### AVAILABLE DATA
***

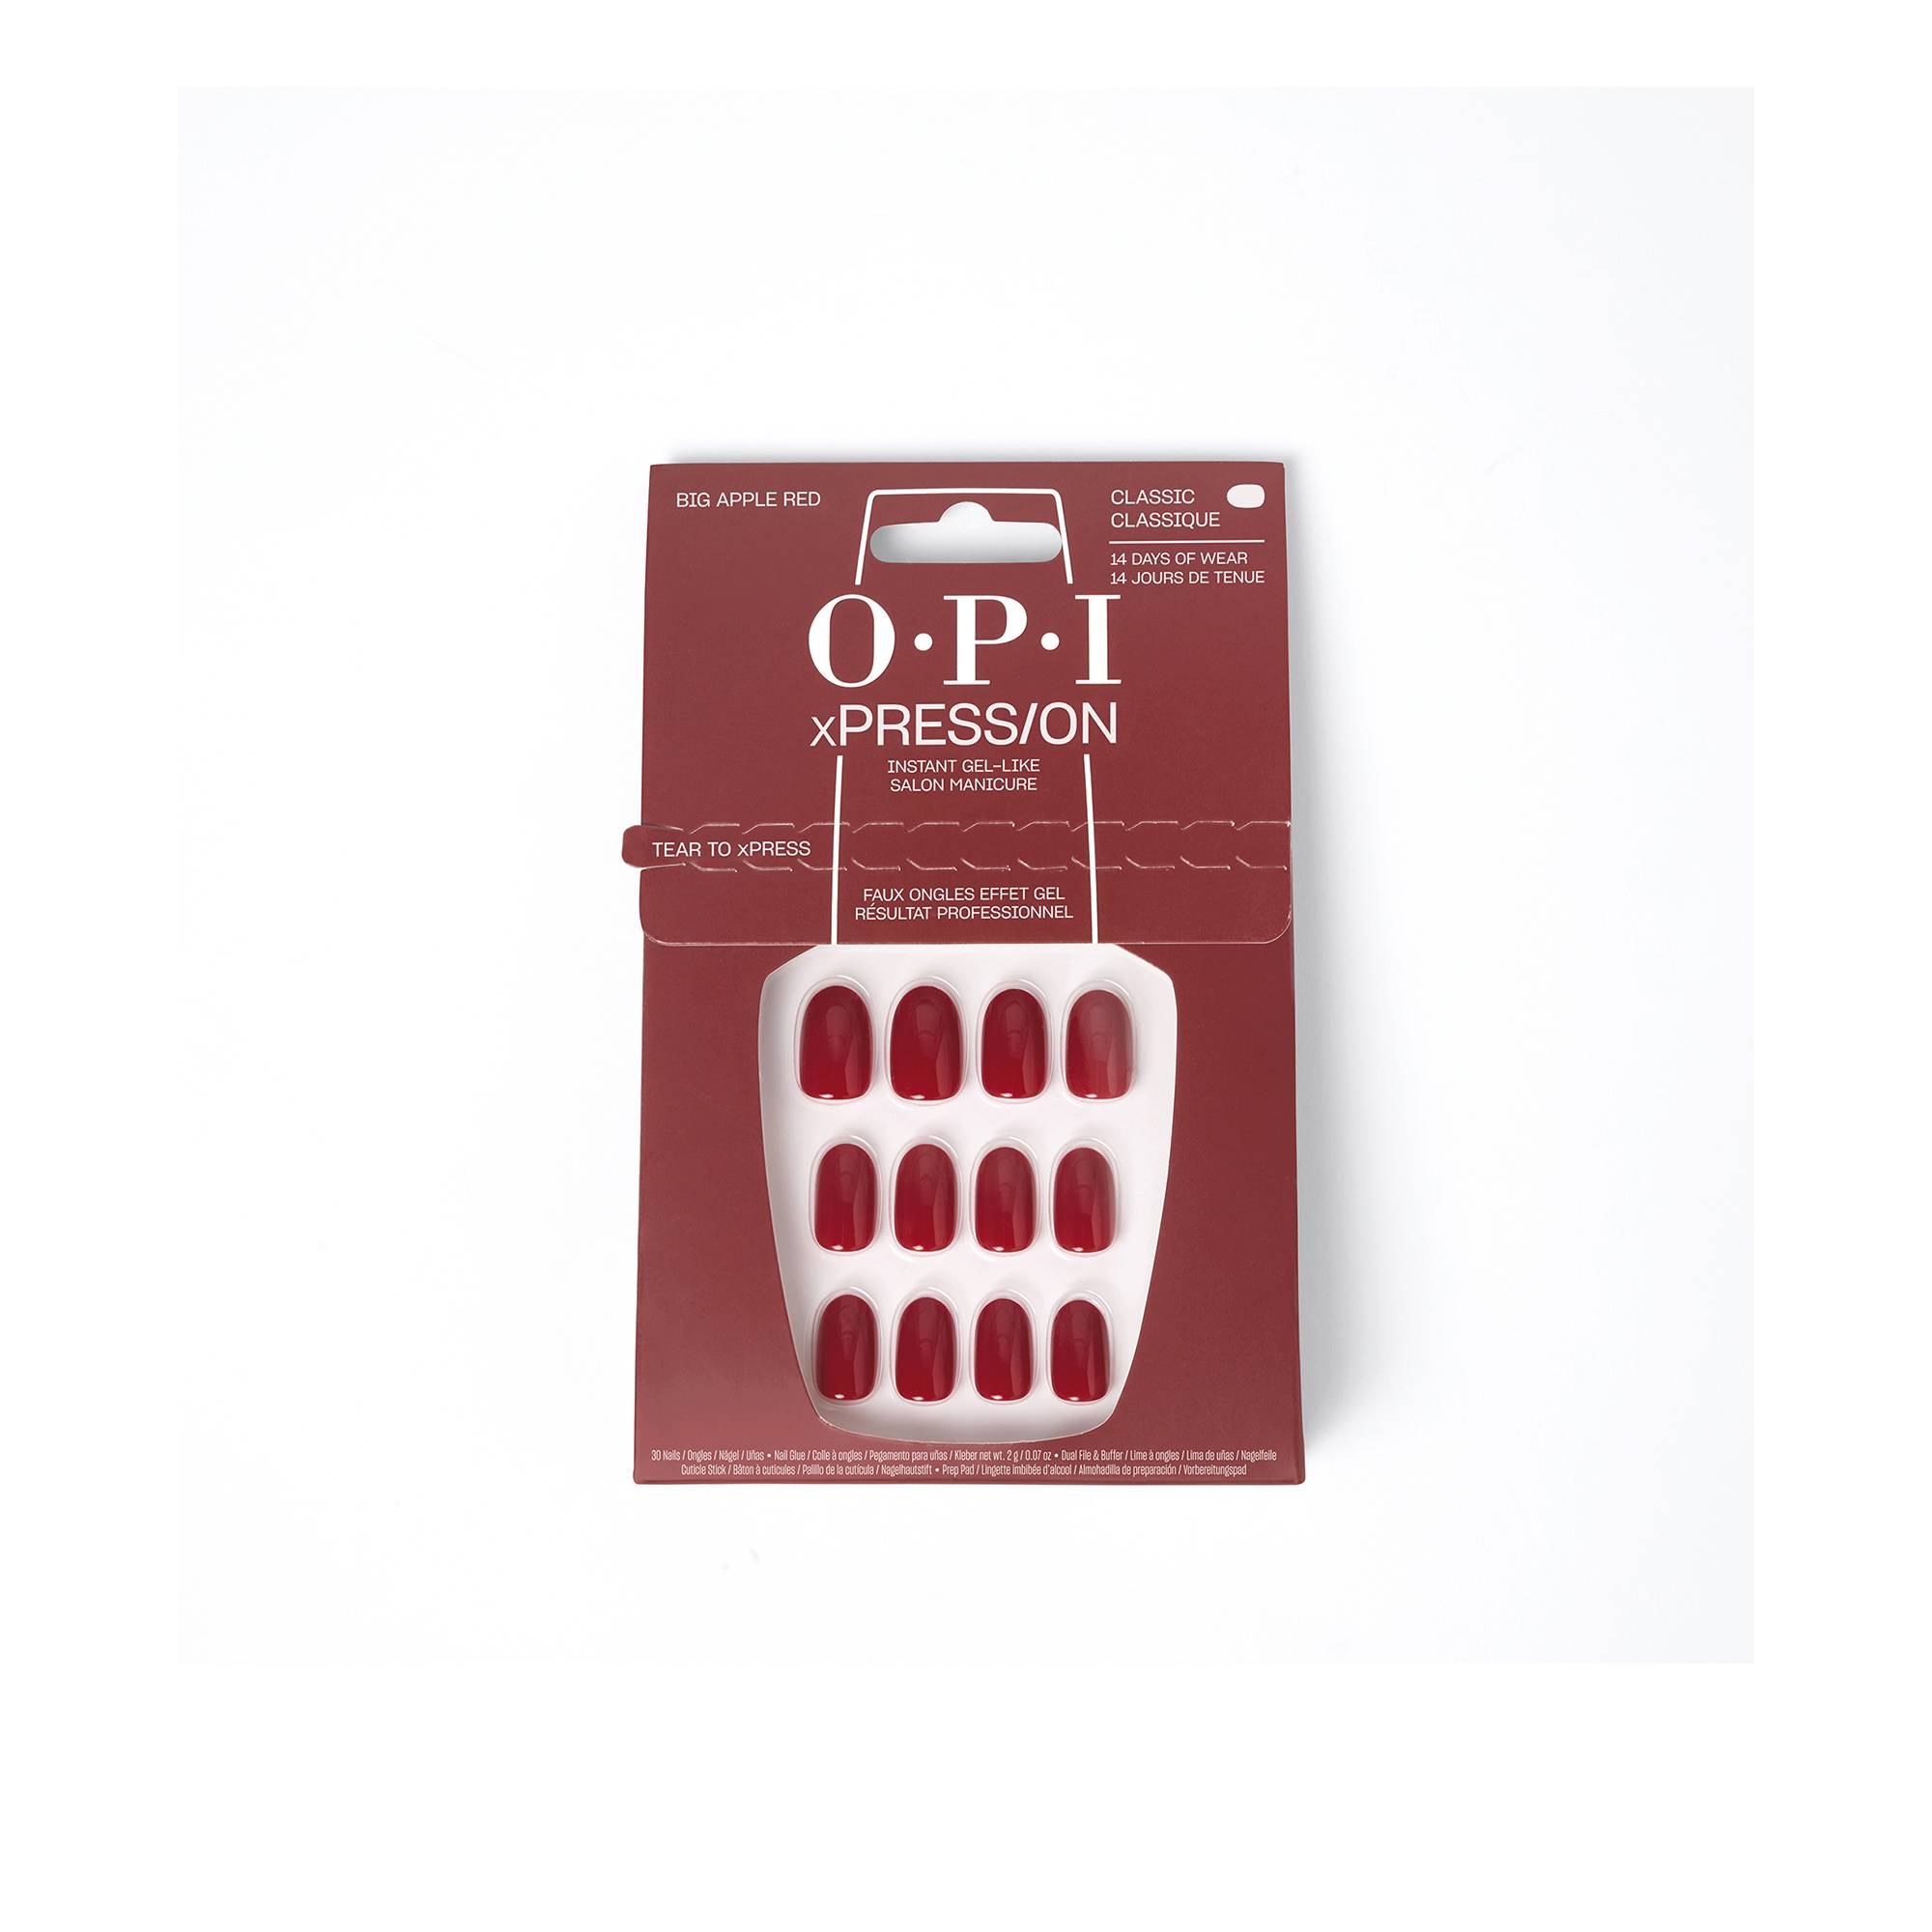 Faux-ongles xPRESS/ON - Big Apple Red™ de la marque OPI Contenance 2g - 1
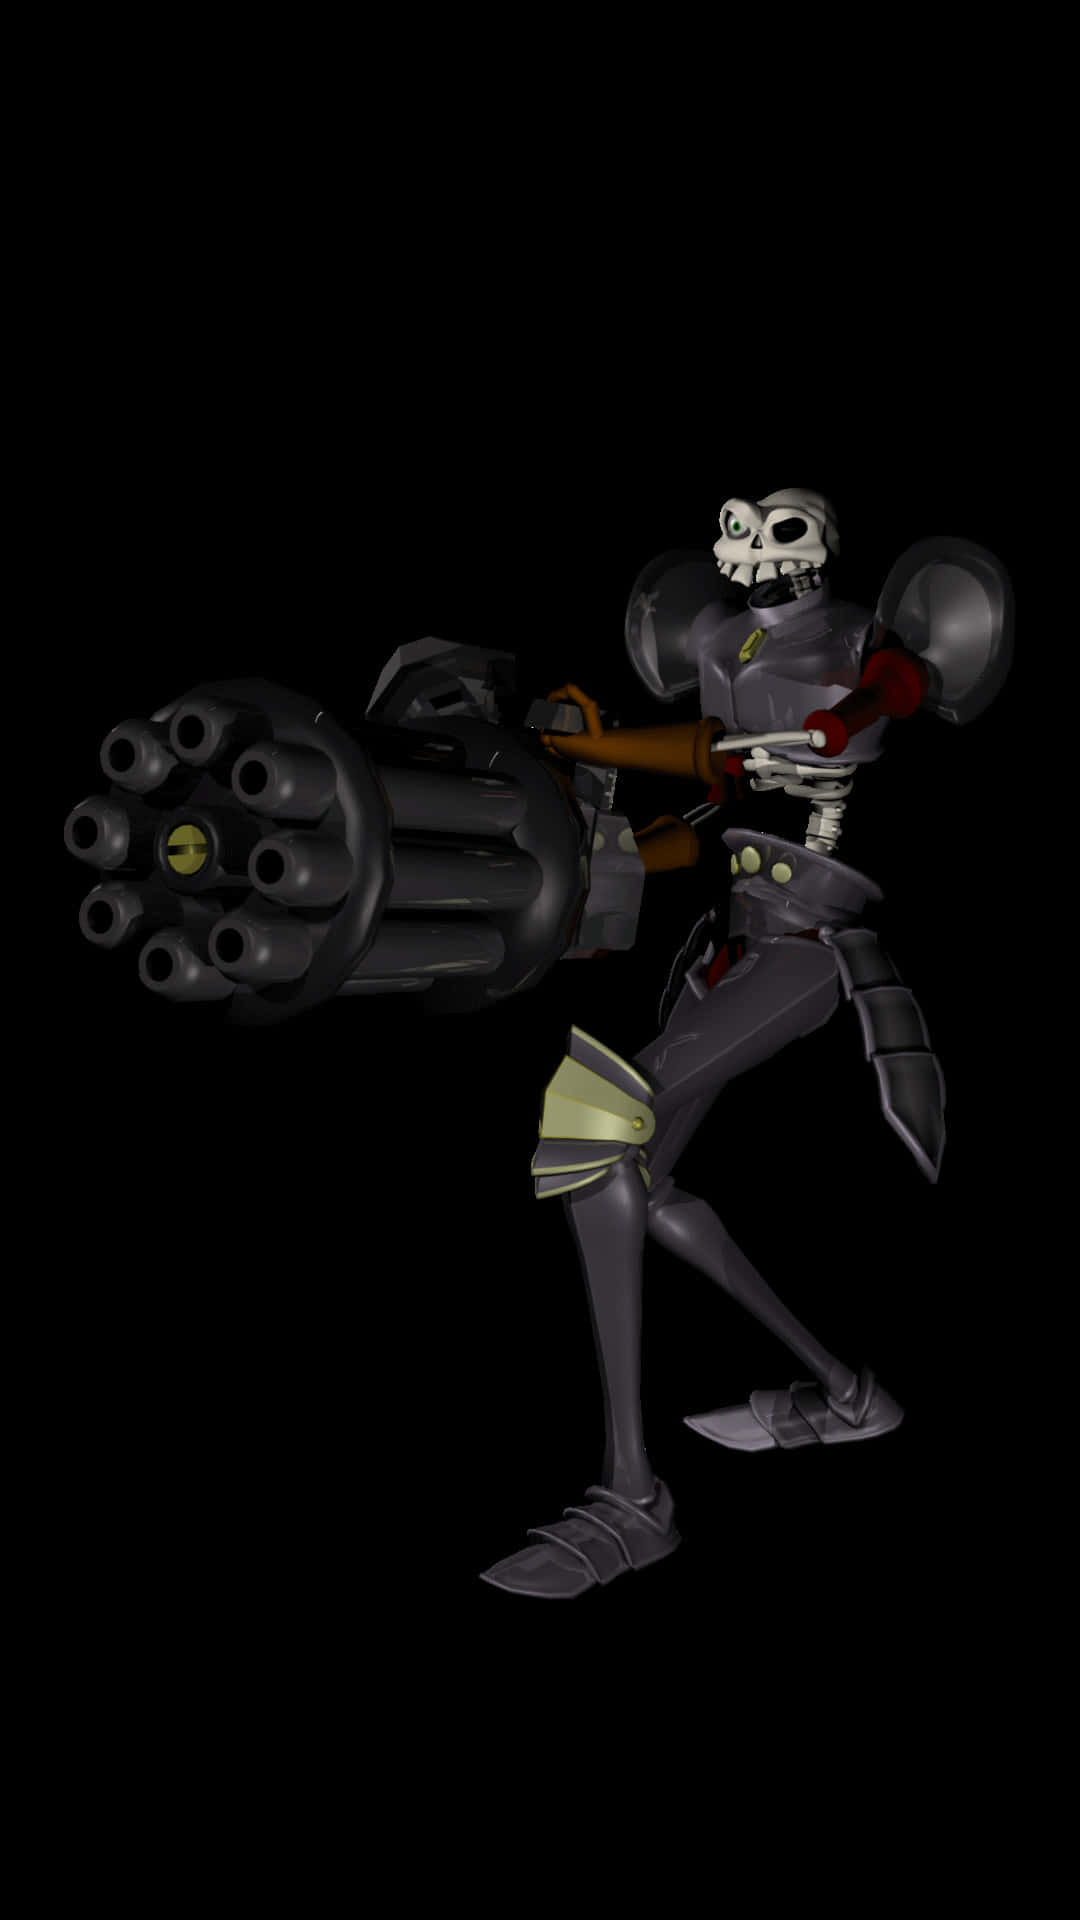 A Skeleton Holding A Gun Background
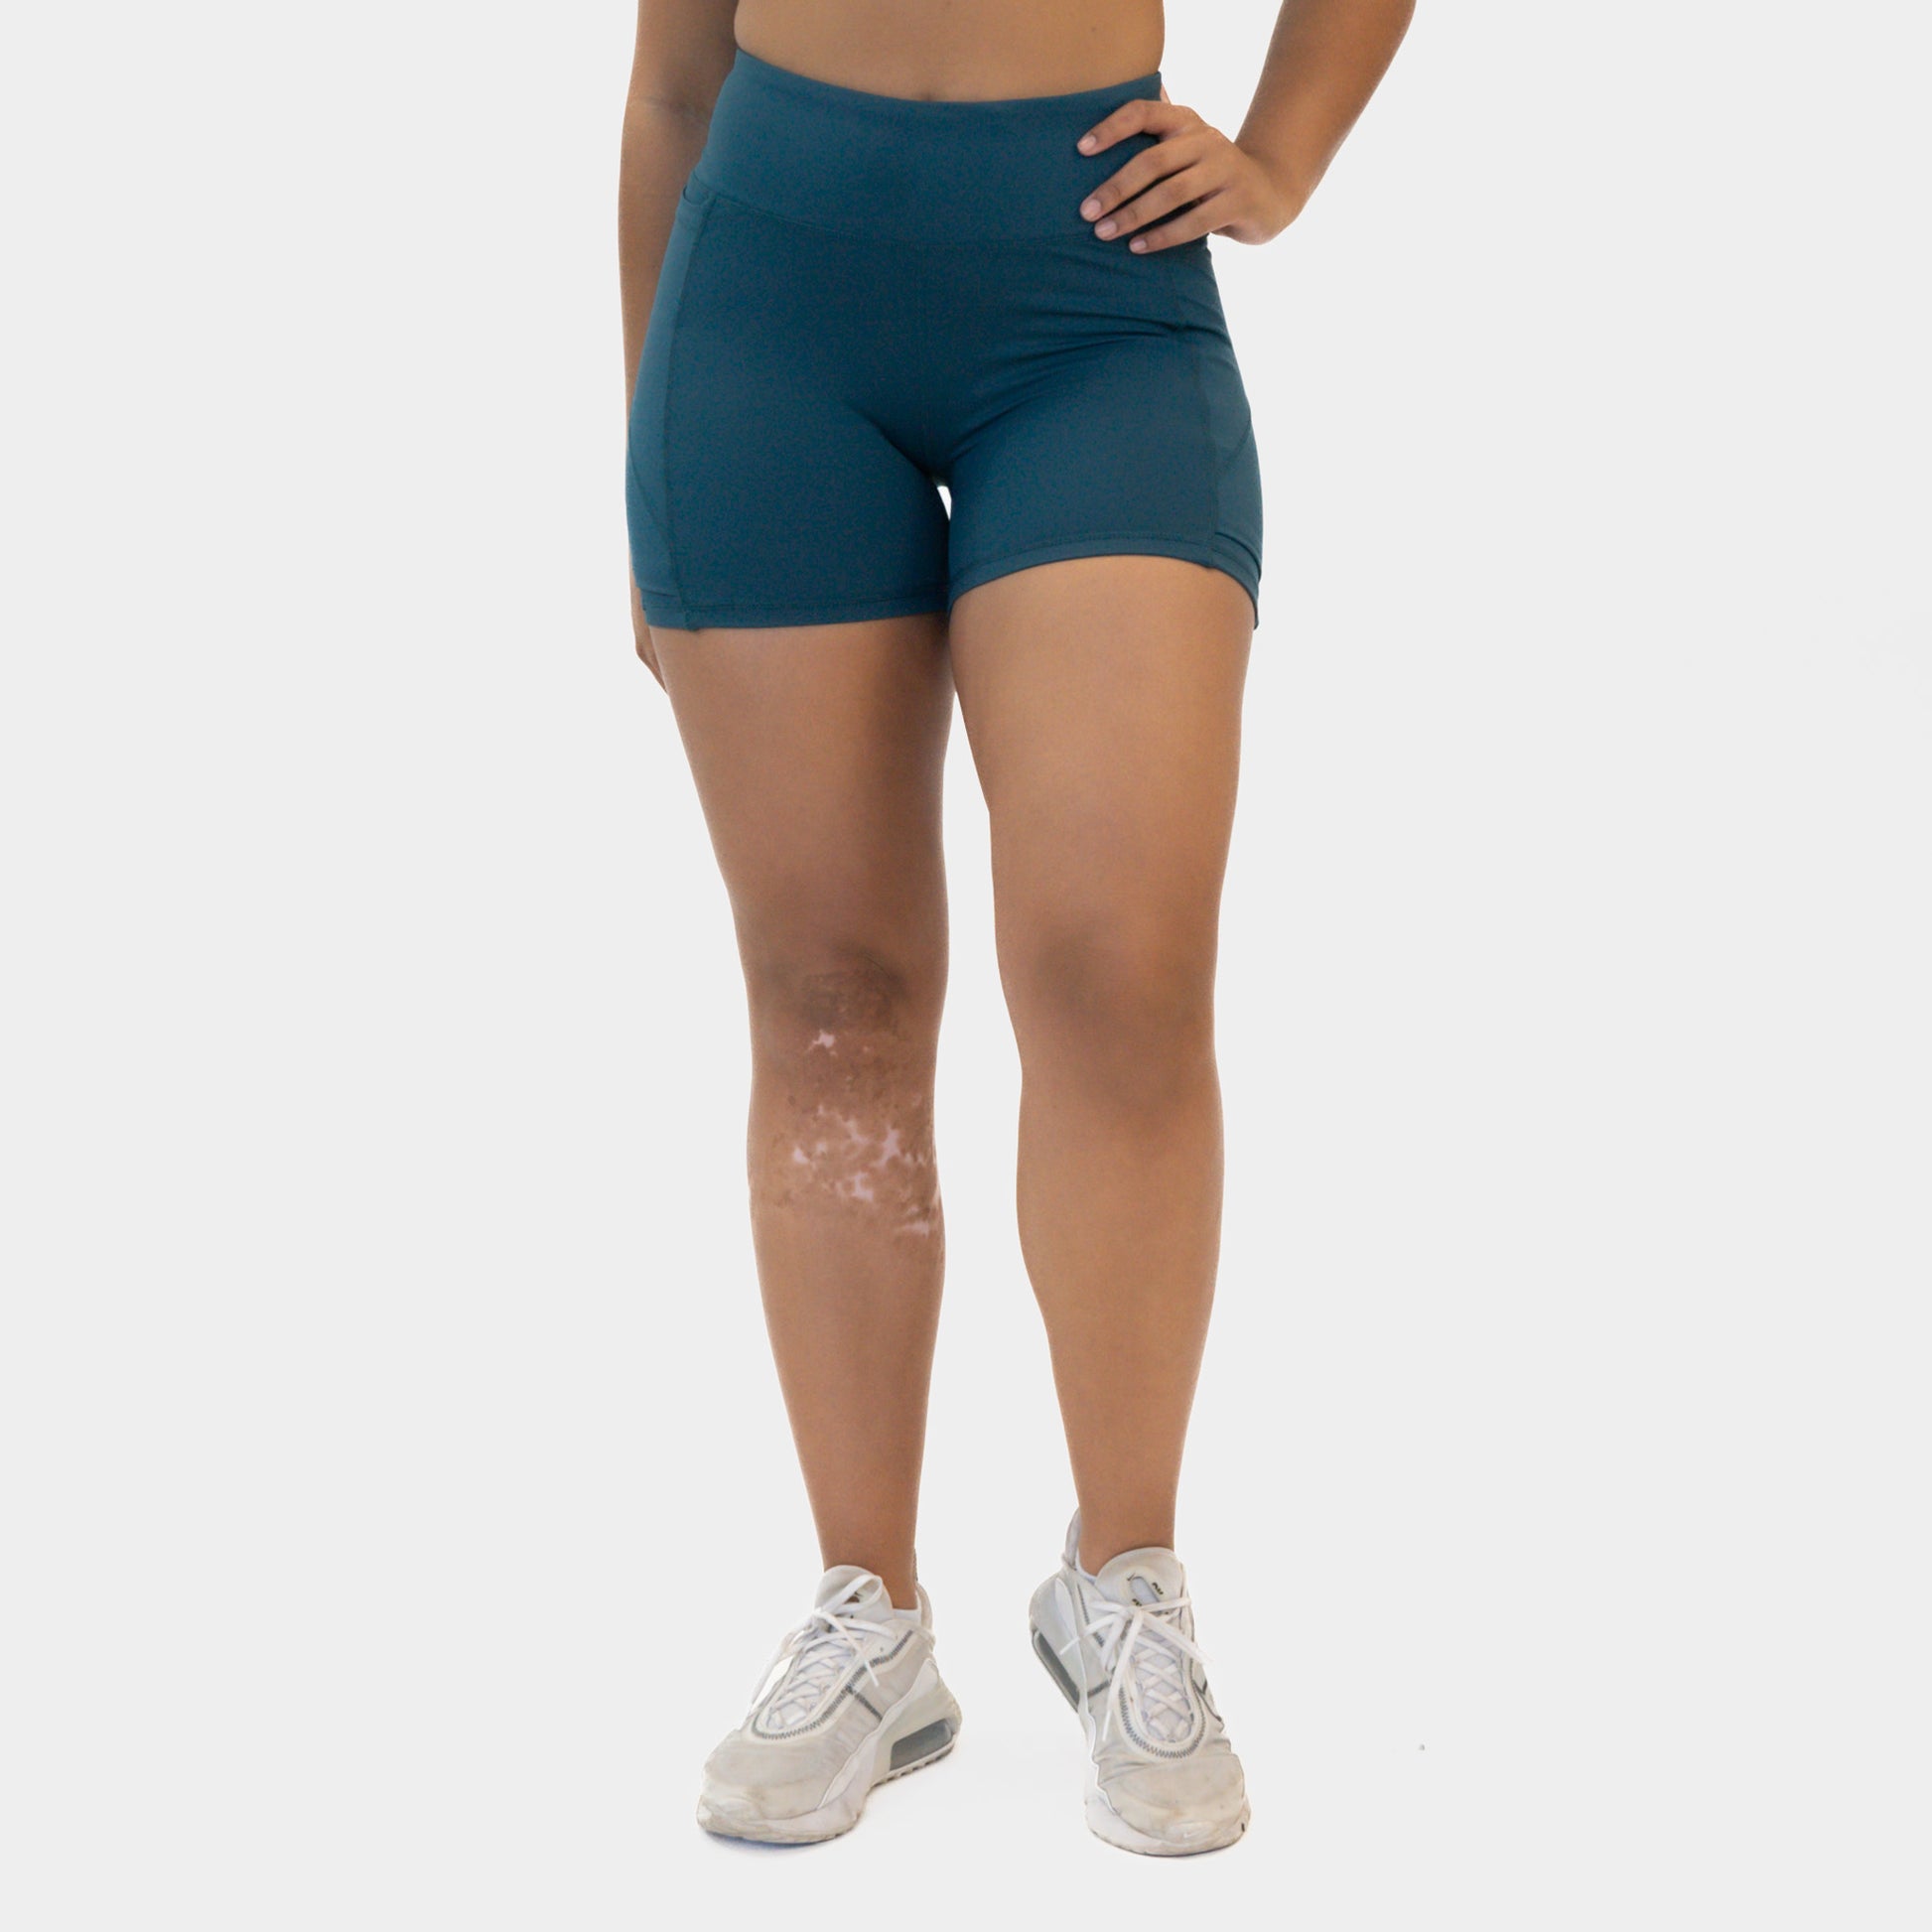 Baseline Compression Shorts (5 inch inseam)

***

### TASK INSTRUCTIONS
Without changing a word, retype the data above and omit its pictures.

### TASK RESULT
 Faux-ongles xPRESS/ON - Big Apple Red™ de la marque OPI Contenance 2g - 1
 A Skeleton Holding A Gun Background
 Baseline Compression Shorts (5 inch inseam)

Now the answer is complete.